Artificial intelligence has been declared as the new industrial revolution. At the moment when its deployment has been predicted in all sectors of society, the data by which it is sustained has become a crucial issue. Without numerous reliable, ethical, analysable and secure data, it’s impossible to envisage the future of Artificial Intelligence. So, the data war has indeed been declared!
A first vital step: data records set up
Today, we produce more data than ever before in our history. Each second, nearly 40,000 Google searches are carried out and 2 million emails are sent. In 2019, the volume of global web traffic will exceed 2 zettabytes per year. Yet despite the advances of cognitive IT and the power of processing, the exploitation of all this data remains largely inaccessible to companies.
Also, one of the first issues to raise for the development of the IA is the collection and annotation of large data packages. Today, such data records are still rare resources. Insufficient volumes of real existing data, limited collection capacities, difficulty to transmit raw data to useable data, …the reasons of this rarity are often different according to the sectors of activity.
In France, several initiatives offer to resolve this problem. For example, in the framework of the deployment of the French strategy in IA matters, the state has just issued a call for the expression of interest, open until November, 2018, in order to support sectorial or cross-sectorial initiatives of mutualisation of data for the purpose of IA solution development.
The difficulty of the transfer of raw data to useable data
Artificial intelligence is, first and foremost, linked to the quality of data used by applications. Despite the development of tools and Data Warehouse (such as Hadoop and Spark), data analysis is still complex, whether structured or not.
Companies must find out how to transform available data to useable insights. Indeed, to transfer data to artificial intelligence systems, it’s necessary to clean it, look for format errors, track duplications within databases and transform raw data to useable data.
The great complexity of I.S. which is composed of several applications and heterogeneous databases does not simply the task. This is why company encounter even greater difficulties to transfer their data from operational to analytical systems.

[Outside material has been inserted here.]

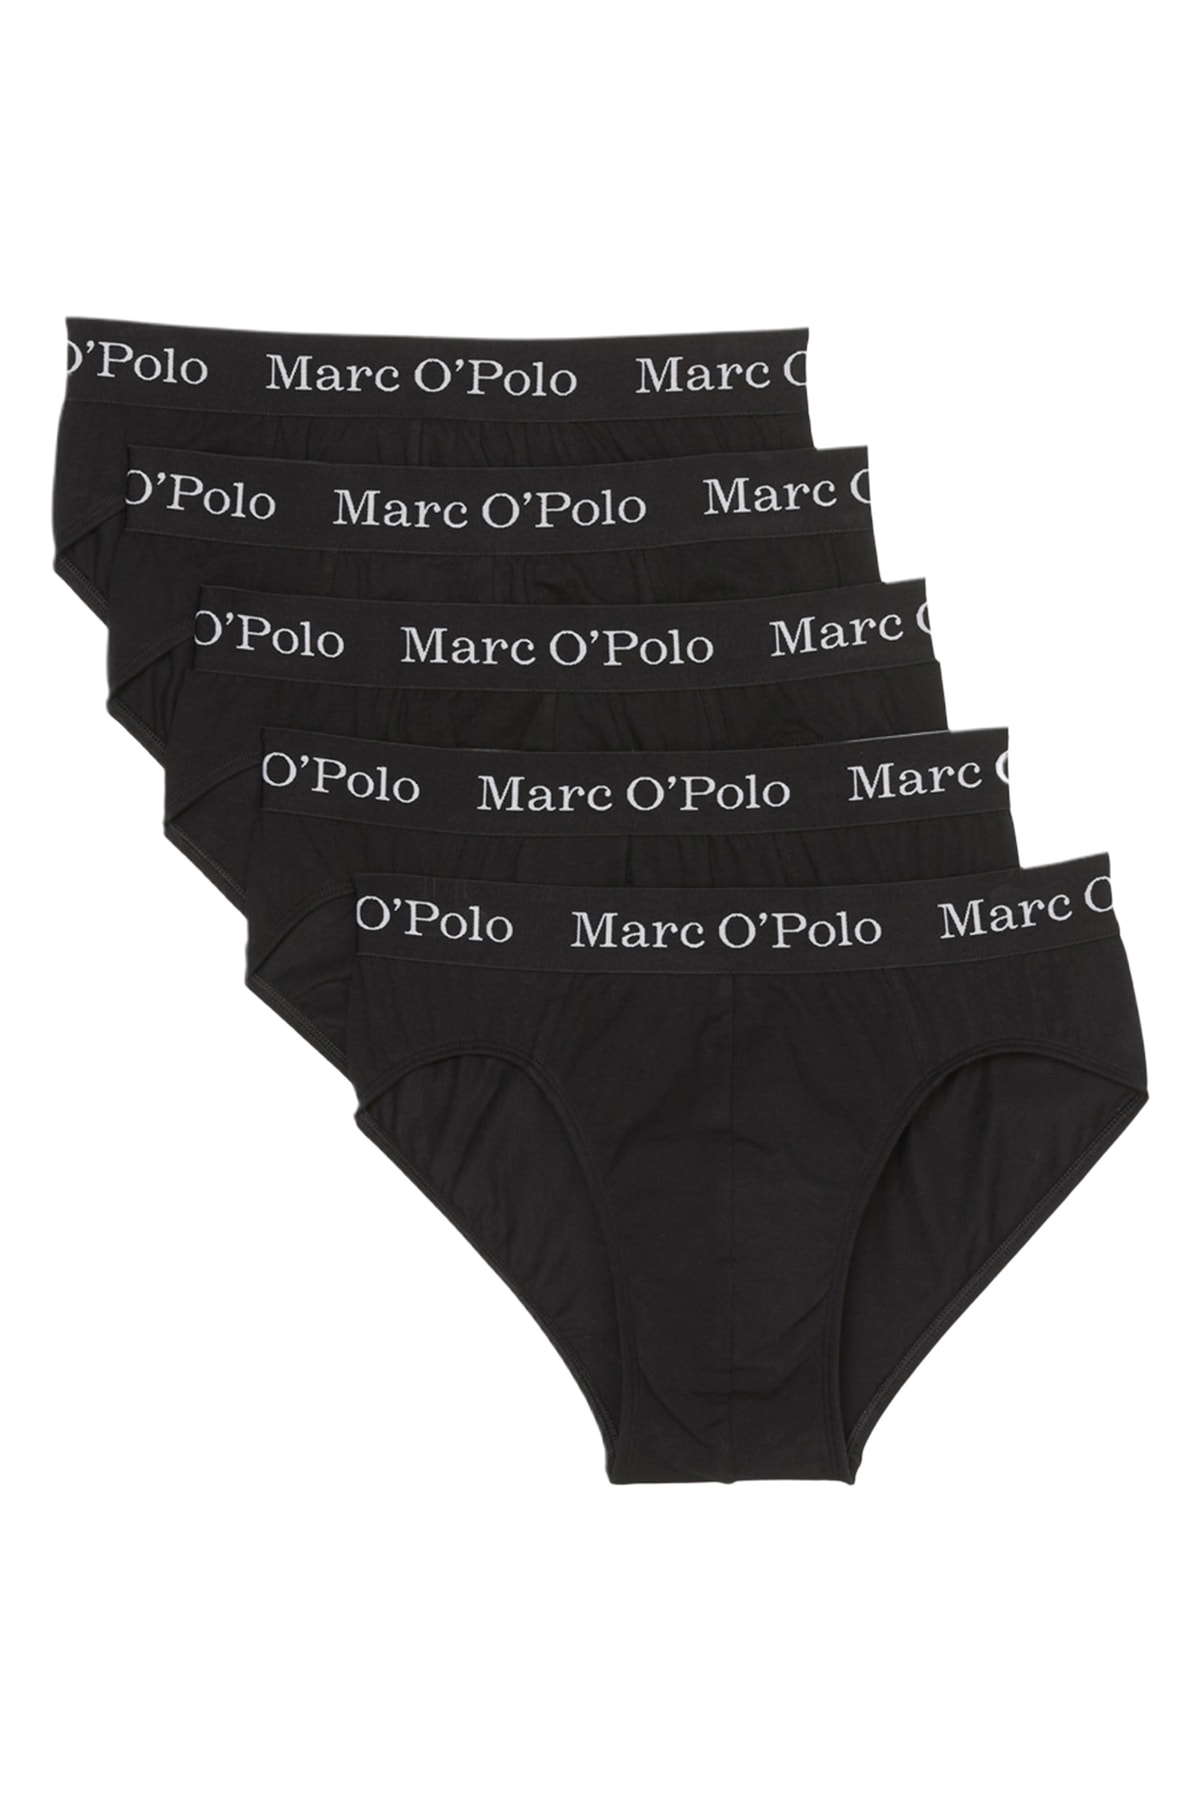 Marc O'Polo Body & Beach Boxershorts Schwarz 3er-Pack Fast ausverkauft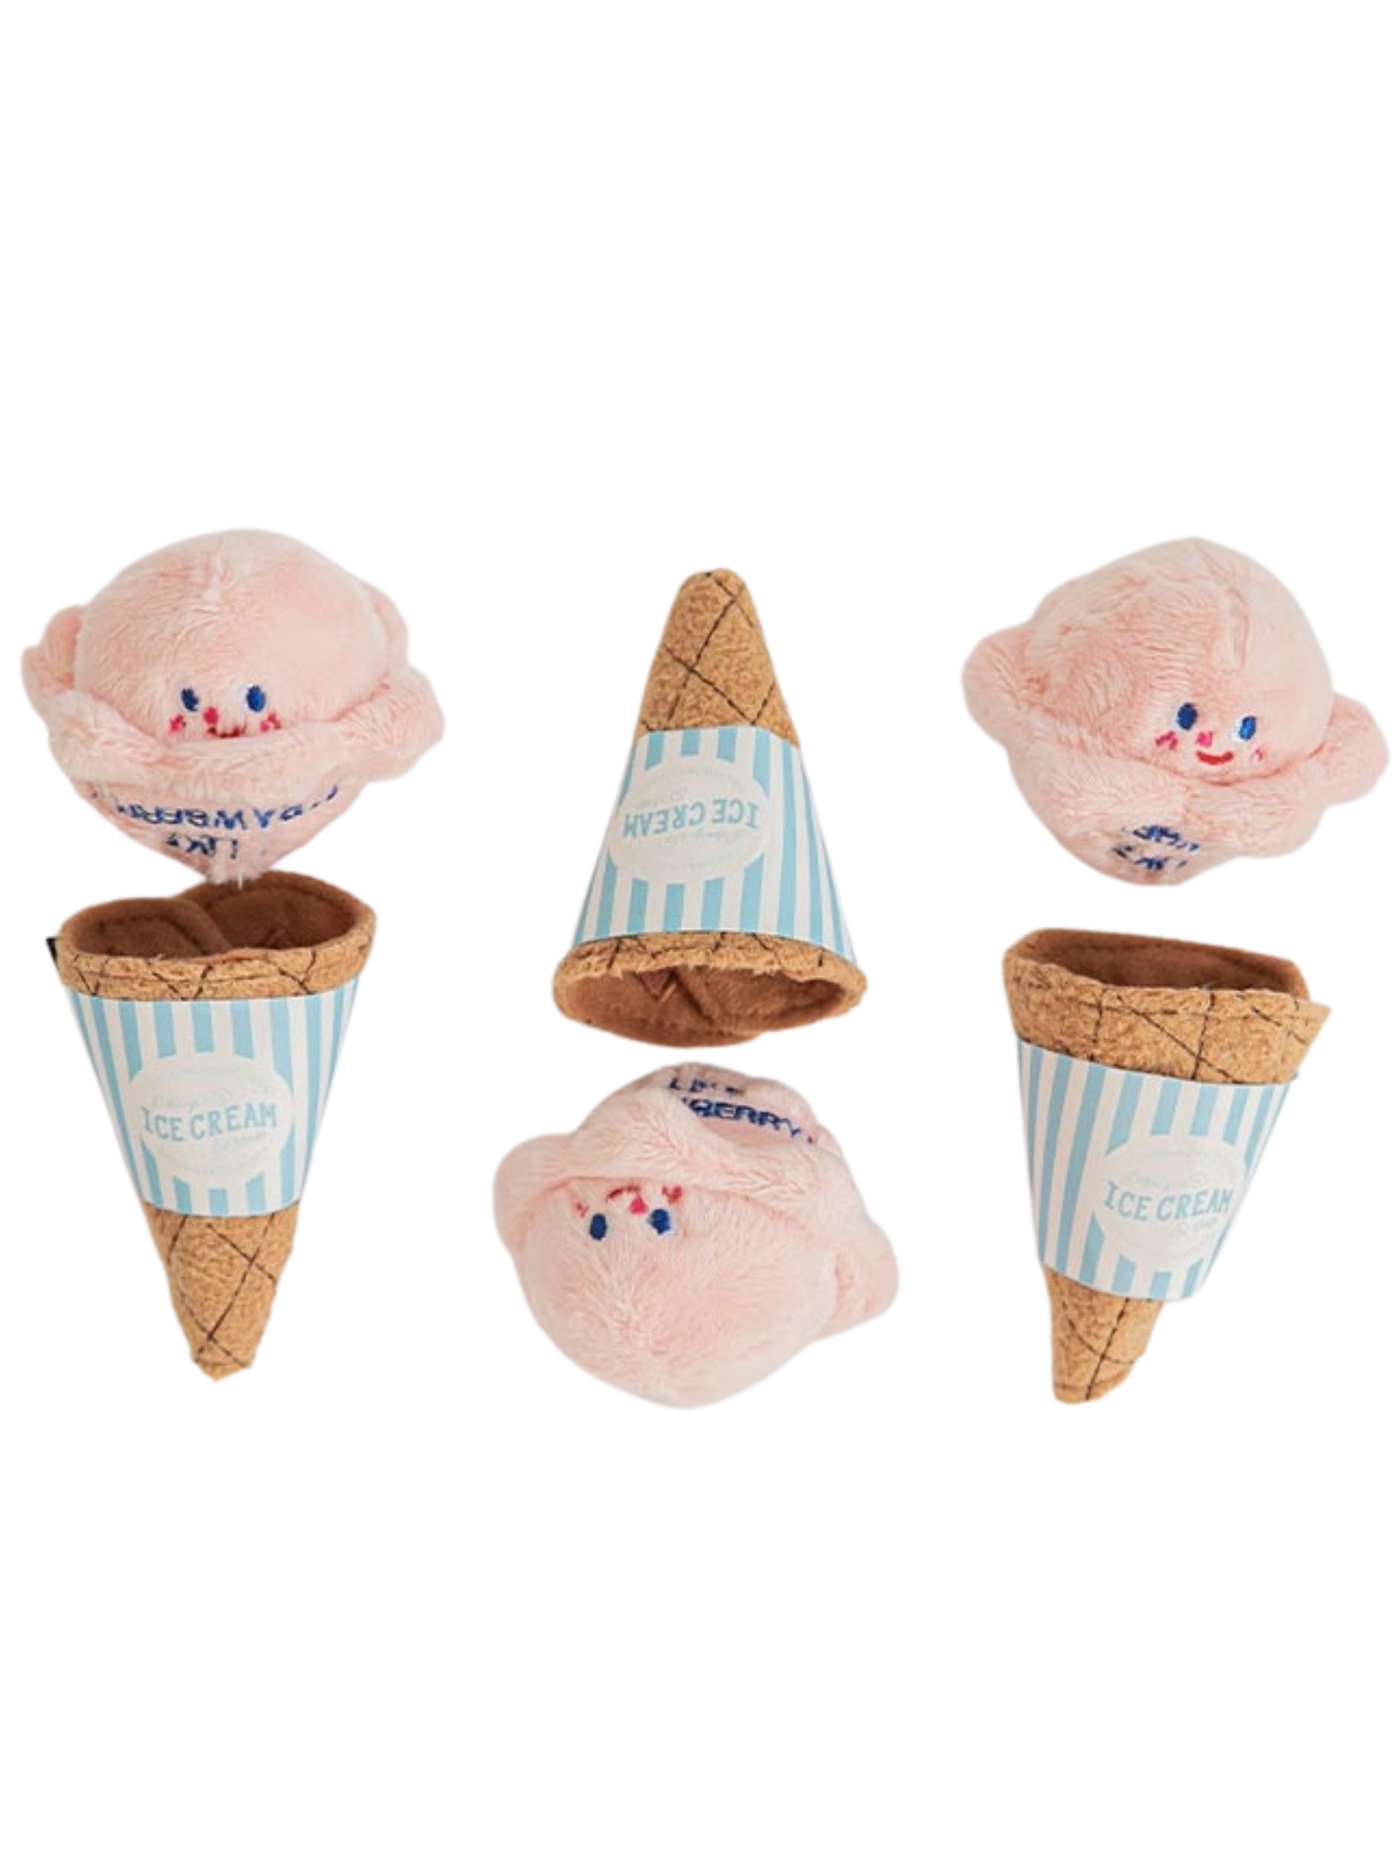 Biteme | 韓國精品雪糕甜筒玩具

An example is data collection within information systems of public and private health establishments. This is one sector where artificial intelligence promises great advances but where the variety of the data formats imposes several operations before the AI can fulfil its promises. Data extraction, conversion and restitution to the desired format, constitutes in this sector a challenge to raise before artificial intelligence becomes truly allied with health professionals.
Security priorities to protect used data
The accumulation of data on the Cloud servers and its accessibility to fraudsters can prove to be fatal for companies and their Artificial Intelligence devices. This is why the identification of the process that encourages manipulation is a key step to improve data reliability.
To illustrate, let’s refer to the challenges that actors in the insurance world are faced with.
According to an Accenture study, conducted on nearly 600 insurers and sector experts in 25 countries including France, one third of insurers interviewed have been subjected to practices such as bot fraud or the falsification of sensor or localisation data, whereas another third think about being subjected to such an attack but without being able to verify it.
At the moment when data constitutes the crux for the development of Artificial Intelligence, it is all the more crucial to be able to protect in an efficient manner.
The necessity to use authentic and ethical data
Many concerns have also emerged regarding the authenticity and the ethics of Artificial Intelligence and Big Data. How is data protected to guarantee its authenticity? What is the data that systems can use without being unethical?
We can cite several examples, such as the white rectangles glued on a ‘’stop’’ sign that can drive a model of Deep learning to see only a speed limitation in the place of a stop sign. In addition are Artificial Intelligence systems used by some American tribunals to predict the risk of recurrence and that use information based on the skin colour of the defendants. In other words, an artificial intelligence becomes racist due to data integrated in its model.
Even today, to determine what data must be identified and used, the human management and Machine Teaching, still remain vital. This is an obligatory step to suggest in the learning of usable data algorithms with regards to ethical and legal lines.